Первые роды, которые пришлись как раз на это время, были тяжелые. Ребенок лежал неправильно. Усилия многих часов ни к чему не привели. Конечно же, она обессилела, но не искала спасения в мысли, что страдает напрасно. Сентиментальность даже в эти минуты не пришла ей на выручку, она все время помнила, что сама хотела ребенка и что четкое чередование разрывающих тело усилий и расслабленности необходимо для того, чтобы ребенок появился на свет.
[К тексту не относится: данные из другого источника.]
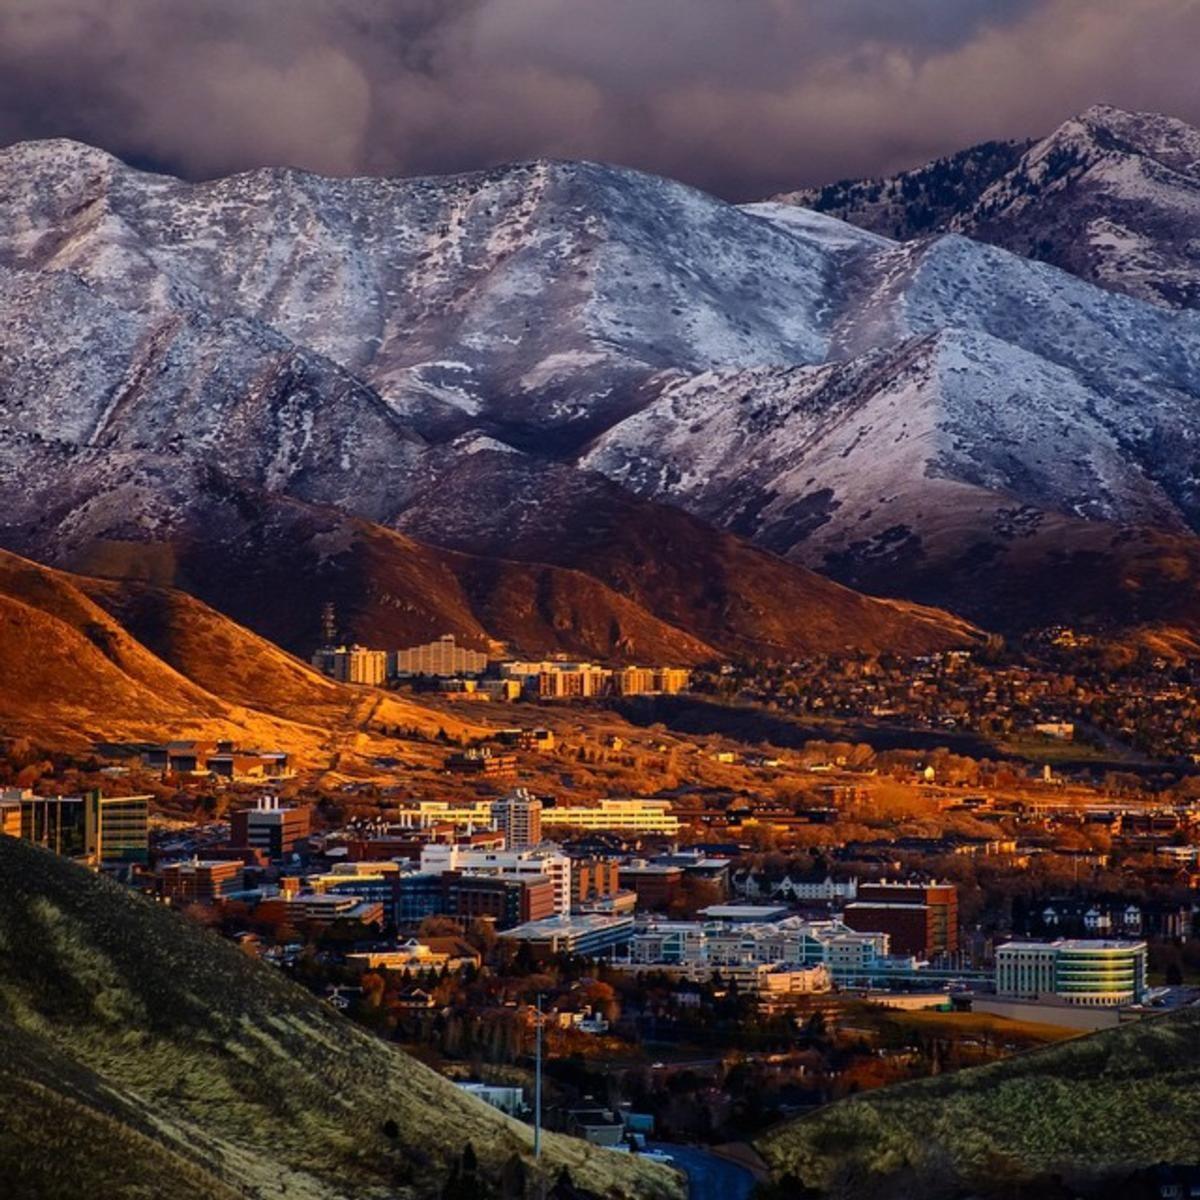 Salt Lake City Utah Homes: Salt Lake City Photos I've Seen The City Look Like

Она и потом ни разу не сказала, что с нее хватит, что нечего и требовать, чтобы она согласилась рожать вторично. Слезы выступили у нее на глазах, только когда врач приложил ребенка к ее груди и когда она впервые назвала его по имени: Анна. Ну что ты вытворяешь, Анна, хорошо же ты начинаешь, доложу я тебе. К радости она была готова, во всяком случае — к уже знакомым чувствам: это было незнакомым и потому смогло вывести ее из равновесия. Ну, ну, неслышно сказала она ребенку, сказала себе самой, это было еще одно и то же и уже не одно и то же, довольно, успокойся, подумаешь, какое событие.
Можно ли вспоминать нежность? Нежность ли то, что и сегодня поймет ребенок, услышав слова «твоя мать»? Хотя давно уже вырос из нежности, о которой мог бы вспоминать. Или нельзя, даже этого нельзя?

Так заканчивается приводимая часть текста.